Figure 8: Example of 2 dimentional k-d tree partition.

Figure 9(a): Interest point detection using Harris point detection.

Figure 9(b): Matching interest points using knn search reduces execution time by almost 10x.

Result:

Notre Dame

1. Harris corner detection, with non-max suppression:
Gaussian filter sigma = 0.5
gaussian filter size = 3
alpha = 1.54e-3 Size of non-max suppression window = 3x3 pixels window
Resulting accuracy = 98% (for top 100 matches)

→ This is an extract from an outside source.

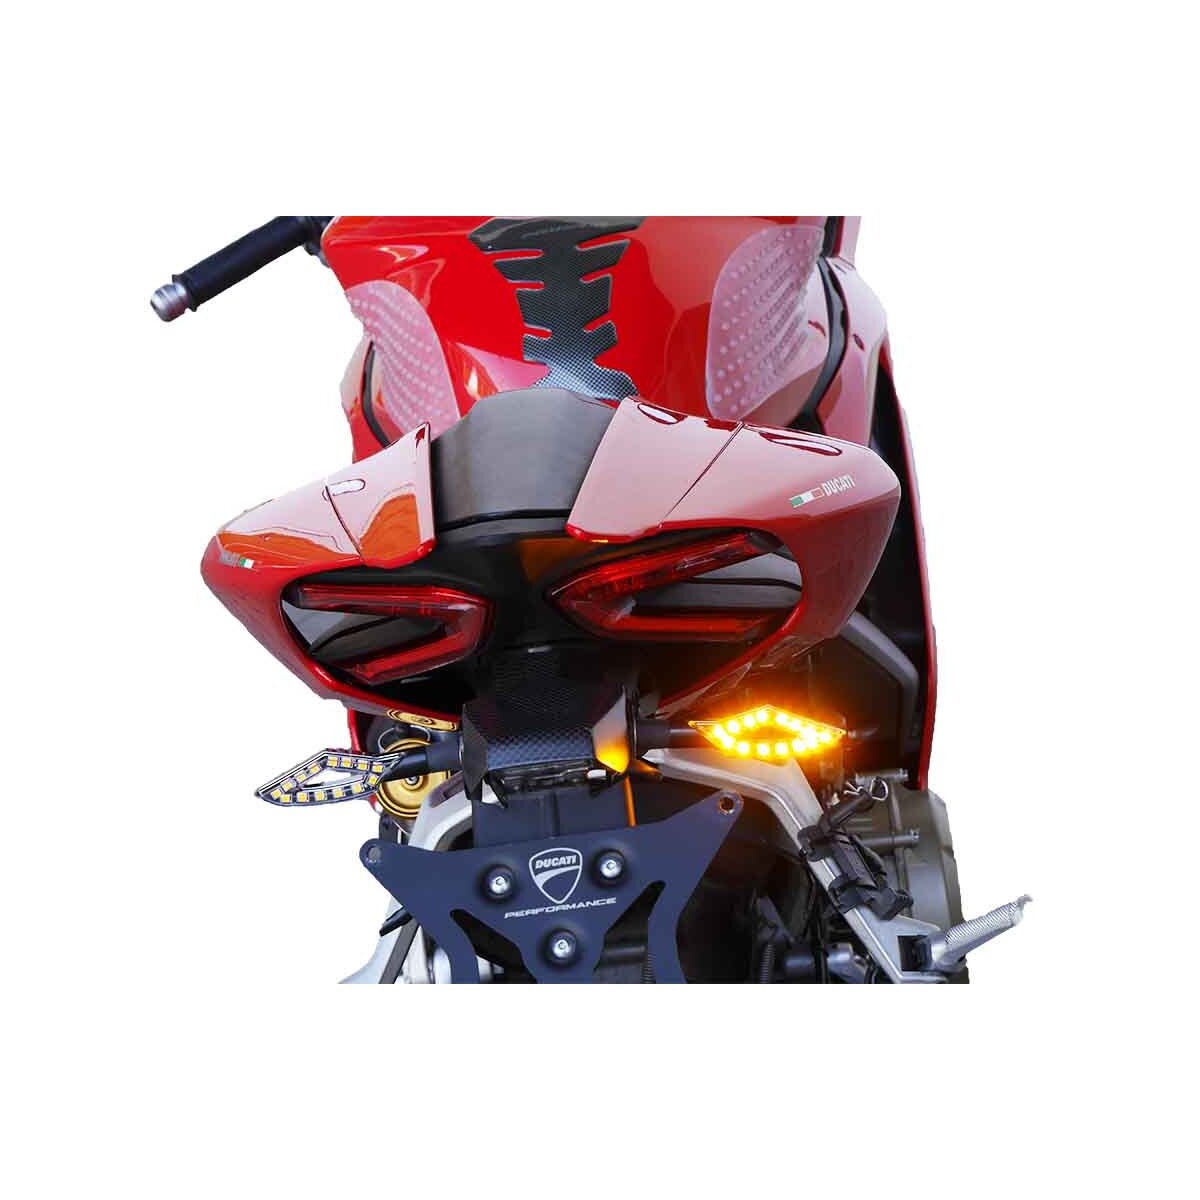 Motorrad LED Blinker & Lauflicht Blinker für dein Motorrad

Figure 10(a): Interest points correct/incorrect.

Figure 10(b): Matching interest points.

2. Adaptive non-max suppression:
Gaussian filter sigma = 0.5
gaussian filter size = 3
alpha = 1.54e-3 Size of non-max suppression window = 3x3 pixels window
Resulting accuracy = 100% (for top 100 matches)

Figure 11(a): Interest points correct/incorrect.

Figure 11(b): Matching interest points.

3. Using keypoints from multiple scales:
Gaussian filter sigma = 0.5
gaussian filter size = 3
alpha = 1.54e-3 Size of non-max suppression window = 3x3 pixels window
Scales used: 1, 0.5, 0.25. Resulting accuracy = 100% (for top 100 matches)

Figure 12(a): Interest points correct/incorrect.

Figure 12(b): Matching interest points.

4. Using knnsearch:

Gaussian filter sigma = 0.5
gaussian filter size = 3
Size of non-max suppression window = 3x3 pixels window
Resulting accuracy = 100% (for top 100 matches)

Figure 13(a): Interest points correct/incorrect.

Figure 13(b): Matching interest points.

Mount Rushmore

Using Harris corner detection, SIFT and exhaustive search:

Gaussian filter sigma = 0.5
gaussian filter size = 3
Size of non-max suppression window = 3x3 pixels window
Resulting accuracy = 99% (for top 100 matches)

Figure 14(a): Interest points correct/incorrect.

Figure 14(b): Matching interest points.

Episcopal Gaudi

Figure 15(a): Interest points correct/incorrect.

Figure 15(b): Matching interest points.

Tuning of Parameters

In this assignment we have observed that free parameter tuning changes the result by a large extent.
1. Gaussian sigma: If this is too high, the image is blurred too much and hence the edges are not detected. Dut to this we get best result with a very low sigma if filter.
2. Non-max suppression pixel cluster size: here we have considered a 4x4 pixel cluster size. If higher, the interest points will further away from each other. This is good till a certain cluster size. beyond that, we may lose out on important interest points. Adaptive non-max suppression takes care of this by setting the cluster size such that it is lesser than the next closest interst point.
3. Threshold of get_interest_points: Higher the threshold, lower number of interest points will be detected. If we have low number of interest points, we may observe lower matches. For example, for a threshold 10x lesser than the currently tuned value, we observe a 12% drop in accuracy. Thus we must see a balance between threshold and non-max suppression radius.